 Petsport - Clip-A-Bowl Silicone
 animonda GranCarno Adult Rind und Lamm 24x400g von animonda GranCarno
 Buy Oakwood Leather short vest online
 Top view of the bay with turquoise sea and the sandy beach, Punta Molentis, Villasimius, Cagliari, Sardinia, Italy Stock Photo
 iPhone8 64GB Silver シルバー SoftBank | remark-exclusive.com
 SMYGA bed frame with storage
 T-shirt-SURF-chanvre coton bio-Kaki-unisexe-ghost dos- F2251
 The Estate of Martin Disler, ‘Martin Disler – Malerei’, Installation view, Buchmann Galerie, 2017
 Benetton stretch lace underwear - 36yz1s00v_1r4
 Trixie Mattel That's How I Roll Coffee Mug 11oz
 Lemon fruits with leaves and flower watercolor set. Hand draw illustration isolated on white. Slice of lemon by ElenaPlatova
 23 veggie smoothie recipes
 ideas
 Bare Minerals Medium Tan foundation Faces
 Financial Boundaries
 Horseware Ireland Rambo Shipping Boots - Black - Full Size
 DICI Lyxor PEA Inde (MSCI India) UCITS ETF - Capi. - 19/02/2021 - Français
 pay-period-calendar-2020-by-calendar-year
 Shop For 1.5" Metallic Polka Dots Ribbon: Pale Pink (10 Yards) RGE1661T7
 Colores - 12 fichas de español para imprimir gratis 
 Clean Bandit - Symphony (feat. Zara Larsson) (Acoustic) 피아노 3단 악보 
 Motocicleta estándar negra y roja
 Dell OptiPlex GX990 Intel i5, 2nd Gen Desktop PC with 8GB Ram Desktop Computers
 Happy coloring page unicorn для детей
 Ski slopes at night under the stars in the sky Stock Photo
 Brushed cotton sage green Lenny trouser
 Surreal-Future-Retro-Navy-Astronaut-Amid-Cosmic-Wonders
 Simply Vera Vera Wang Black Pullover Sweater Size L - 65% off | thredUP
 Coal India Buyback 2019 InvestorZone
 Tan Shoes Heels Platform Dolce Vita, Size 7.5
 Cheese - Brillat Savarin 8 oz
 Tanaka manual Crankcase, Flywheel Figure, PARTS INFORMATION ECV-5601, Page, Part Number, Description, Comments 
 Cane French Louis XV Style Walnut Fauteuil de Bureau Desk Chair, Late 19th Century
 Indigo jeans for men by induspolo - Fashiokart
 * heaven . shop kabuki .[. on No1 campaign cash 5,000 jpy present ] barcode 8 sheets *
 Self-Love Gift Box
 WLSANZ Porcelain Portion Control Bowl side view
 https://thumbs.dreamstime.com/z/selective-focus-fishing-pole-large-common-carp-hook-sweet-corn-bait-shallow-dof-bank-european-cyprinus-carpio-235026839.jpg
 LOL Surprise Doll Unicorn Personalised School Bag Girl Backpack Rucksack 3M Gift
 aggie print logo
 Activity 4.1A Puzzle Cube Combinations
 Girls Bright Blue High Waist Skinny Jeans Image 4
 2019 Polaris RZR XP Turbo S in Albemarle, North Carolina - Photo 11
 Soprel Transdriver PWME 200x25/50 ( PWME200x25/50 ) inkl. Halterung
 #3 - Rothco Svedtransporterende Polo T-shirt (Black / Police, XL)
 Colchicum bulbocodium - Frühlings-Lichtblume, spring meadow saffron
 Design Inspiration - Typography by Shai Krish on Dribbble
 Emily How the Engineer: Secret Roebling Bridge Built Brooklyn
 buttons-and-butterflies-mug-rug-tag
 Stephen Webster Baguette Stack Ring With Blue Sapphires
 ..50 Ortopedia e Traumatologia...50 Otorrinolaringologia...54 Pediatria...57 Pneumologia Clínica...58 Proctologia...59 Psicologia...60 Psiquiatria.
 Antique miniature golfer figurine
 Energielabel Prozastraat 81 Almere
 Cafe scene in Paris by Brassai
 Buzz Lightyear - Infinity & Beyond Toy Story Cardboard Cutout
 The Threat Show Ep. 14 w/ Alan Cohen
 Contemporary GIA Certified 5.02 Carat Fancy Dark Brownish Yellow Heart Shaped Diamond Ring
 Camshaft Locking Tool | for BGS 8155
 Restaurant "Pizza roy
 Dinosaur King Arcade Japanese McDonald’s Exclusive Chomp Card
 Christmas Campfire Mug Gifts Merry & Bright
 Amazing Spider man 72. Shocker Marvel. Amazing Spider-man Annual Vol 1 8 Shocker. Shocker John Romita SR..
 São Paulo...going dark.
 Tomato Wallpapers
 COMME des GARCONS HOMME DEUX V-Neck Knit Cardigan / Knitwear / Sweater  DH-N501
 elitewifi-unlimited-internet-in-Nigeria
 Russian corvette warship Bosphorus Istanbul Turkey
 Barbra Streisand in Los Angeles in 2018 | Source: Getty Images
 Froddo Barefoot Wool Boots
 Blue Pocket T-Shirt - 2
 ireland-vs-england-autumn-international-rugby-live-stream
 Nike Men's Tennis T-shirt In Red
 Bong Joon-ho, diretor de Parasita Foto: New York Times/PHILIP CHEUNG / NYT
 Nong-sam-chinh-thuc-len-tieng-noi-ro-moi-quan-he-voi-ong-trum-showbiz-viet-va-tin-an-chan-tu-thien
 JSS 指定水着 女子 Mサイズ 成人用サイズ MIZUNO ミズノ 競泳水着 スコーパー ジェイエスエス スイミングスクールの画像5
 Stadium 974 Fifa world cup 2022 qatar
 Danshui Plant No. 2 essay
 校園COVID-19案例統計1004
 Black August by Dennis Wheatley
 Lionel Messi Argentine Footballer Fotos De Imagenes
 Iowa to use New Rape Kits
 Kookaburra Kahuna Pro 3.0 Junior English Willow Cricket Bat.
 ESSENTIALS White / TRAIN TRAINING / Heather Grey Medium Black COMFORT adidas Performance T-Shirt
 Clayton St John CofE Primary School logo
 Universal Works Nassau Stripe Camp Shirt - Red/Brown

**Task statement**
Please return all of the records exactly.

**Output for this task**
 Petsport - Clip-A-Bowl Silicone
 animonda GranCarno Adult Rind und Lamm 24x400g von animonda GranCarno
 Buy Oakwood Leather short vest online
 Top view of the bay with turquoise sea and the sandy beach, Punta Molentis, Villasimius, Cagliari, Sardinia, Italy Stock Photo
 iPhone8 64GB Silver シルバー SoftBank | remark-exclusive.com
 SMYGA bed frame with storage
 T-shirt-SURF-chanvre coton bio-Kaki-unisexe-ghost dos- F2251
 The Estate of Martin Disler, ‘Martin Disler – Malerei’, Installation view, Buchmann Galerie, 2017
 Benetton stretch lace underwear - 36yz1s00v_1r4
 Trixie Mattel That's How I Roll Coffee Mug 11oz
 Lemon fruits with leaves and flower watercolor set. Hand draw illustration isolated on white. Slice of lemon by ElenaPlatova
 23 veggie smoothie recipes
 ideas
 Bare Minerals Medium Tan foundation Faces
 Financial Boundaries
 Horseware Ireland Rambo Shipping Boots - Black - Full Size
 DICI Lyxor PEA Inde (MSCI India) UCITS ETF - Capi. - 19/02/2021 - Français
 pay-period-calendar-2020-by-calendar-year
 Shop For 1.5" Metallic Polka Dots Ribbon: Pale Pink (10 Yards) RGE1661T7
 Colores - 12 fichas de español para imprimir gratis 
 Clean Bandit - Symphony (feat. Zara Larsson) (Acoustic) 피아노 3단 악보 
 Motocicleta estándar negra y roja
 Dell OptiPlex GX990 Intel i5, 2nd Gen Desktop PC with 8GB Ram Desktop Computers
 Happy coloring page unicorn для детей
 Ski slopes at night under the stars in the sky Stock Photo
 Brushed cotton sage green Lenny trouser
 Surreal-Future-Retro-Navy-Astronaut-Amid-Cosmic-Wonders
 Simply Vera Vera Wang Black Pullover Sweater Size L - 65% off | thredUP
 Coal India Buyback 2019 InvestorZone
 Tan Shoes Heels Platform Dolce Vita, Size 7.5
 Cheese - Brillat Savarin 8 oz
 Tanaka manual Crankcase, Flywheel Figure, PARTS INFORMATION ECV-5601, Page, Part Number, Description, Comments 
 Cane French Louis XV Style Walnut Fauteuil de Bureau Desk Chair, Late 19th Century
 Indigo jeans for men by induspolo - Fashiokart
 * heaven . shop kabuki .[. on No1 campaign cash 5,000 jpy present ] barcode 8 sheets *
 Self-Love Gift Box
 WLSANZ Porcelain Portion Control Bowl side view
 https://thumbs.dreamstime.com/z/selective-focus-fishing-pole-large-common-carp-hook-sweet-corn-bait-shallow-dof-bank-european-cyprinus-carpio-235026839.jpg
 LOL Surprise Doll Unicorn Personalised School Bag Girl Backpack Rucksack 3M Gift
 aggie print logo
 Activity 4.1A Puzzle Cube Combinations
 Girls Bright Blue High Waist Skinny Jeans Image 4
 2019 Polaris RZR XP Turbo S in Albemarle, North Carolina - Photo 11
 Soprel Transdriver PWME 200x25/50 ( PWME200x25/50 ) inkl. Halterung
 #3 - Rothco Svedtransporterende Polo T-shirt (Black / Police, XL)
 Colchicum bulbocodium - Frühlings-Lichtblume, spring meadow saffron
 Design Inspiration - Typography by Shai Krish on Dribbble
 Emily How the Engineer: Secret Roebling Bridge Built Brooklyn
 buttons-and-butterflies-mug-rug-tag
 Stephen Webster Baguette Stack Ring With Blue Sapphires
 ..50 Ortopedia e Traumatologia...50 Otorrinolaringologia...54 Pediatria...57 Pneumologia Clínica...58 Proctologia...59 Psicologia...60 Psiquiatria.
 Antique miniature golfer figurine
 Energielabel Prozastraat 81 Almere
 Cafe scene in Paris by Brassai
 Buzz Lightyear - Infinity & Beyond Toy Story Cardboard Cutout
 The Threat Show Ep. 14 w/ Alan Cohen
 Contemporary GIA Certified 5.02 Carat Fancy Dark Brownish Yellow Heart Shaped Diamond Ring
 Camshaft Locking Tool | for BGS 8155
 Restaurant "Pizza roy
 Dinosaur King Arcade Japanese McDonald’s Exclusive Chomp Card
 Christmas Campfire Mug Gifts Merry & Bright
 Amazing Spider man 72. Shocker Marvel. Amazing Spider-man Annual Vol 1 8 Shocker. Shocker John Romita SR..
 São Paulo...going dark.
 Tomato Wallpapers
 COMME des GARCONS HOMME DEUX V-Neck Knit Cardigan / Knitwear / Sweater  DH-N501
 elitewifi-unlimited-internet-in-Nigeria
 Russian corvette warship Bosphorus Istanbul Turkey
 Barbra Streisand in Los Angeles in 2018 | Source: Getty Images
 Froddo Barefoot Wool Boots
 Blue Pocket T-Shirt - 2
 ireland-vs-england-autumn-international-rugby-live-stream
 Nike Men's Tennis T-shirt In Red
 Bong Joon-ho, diretor de Parasita Foto: New York Times/PHILIP CHEUNG / NYT
 Nong-sam-chinh-thuc-len-tieng-noi-ro-moi-quan-he-voi-ong-trum-showbiz-viet-va-tin-an-chan-tu-thien
 JSS 指定水着 女子 Mサイズ 成人用サイズ MIZUNO ミズノ 競泳水着 スコーパー ジェイエスエス スイミングスクールの画像5
 Stadium 974 Fifa world cup 2022 qatar
 Danshui Plant No. 2 essay
 校園COVID-19案例統計1004
 Black August by Dennis Wheatley
 Lionel Messi Argentine Footballer Fotos De Imagenes
 Iowa to use New Rape Kits
 Kookaburra Kahuna Pro 3.0 Junior English Willow Cricket Bat.
 ESSENTIALS White / TRAIN TRAINING / Heather Grey Medium Black COMFORT adidas Performance T-Shirt
 Clayton St John CofE Primary School logo
 Universal Works Nassau Stripe Camp Shirt - Red/Brown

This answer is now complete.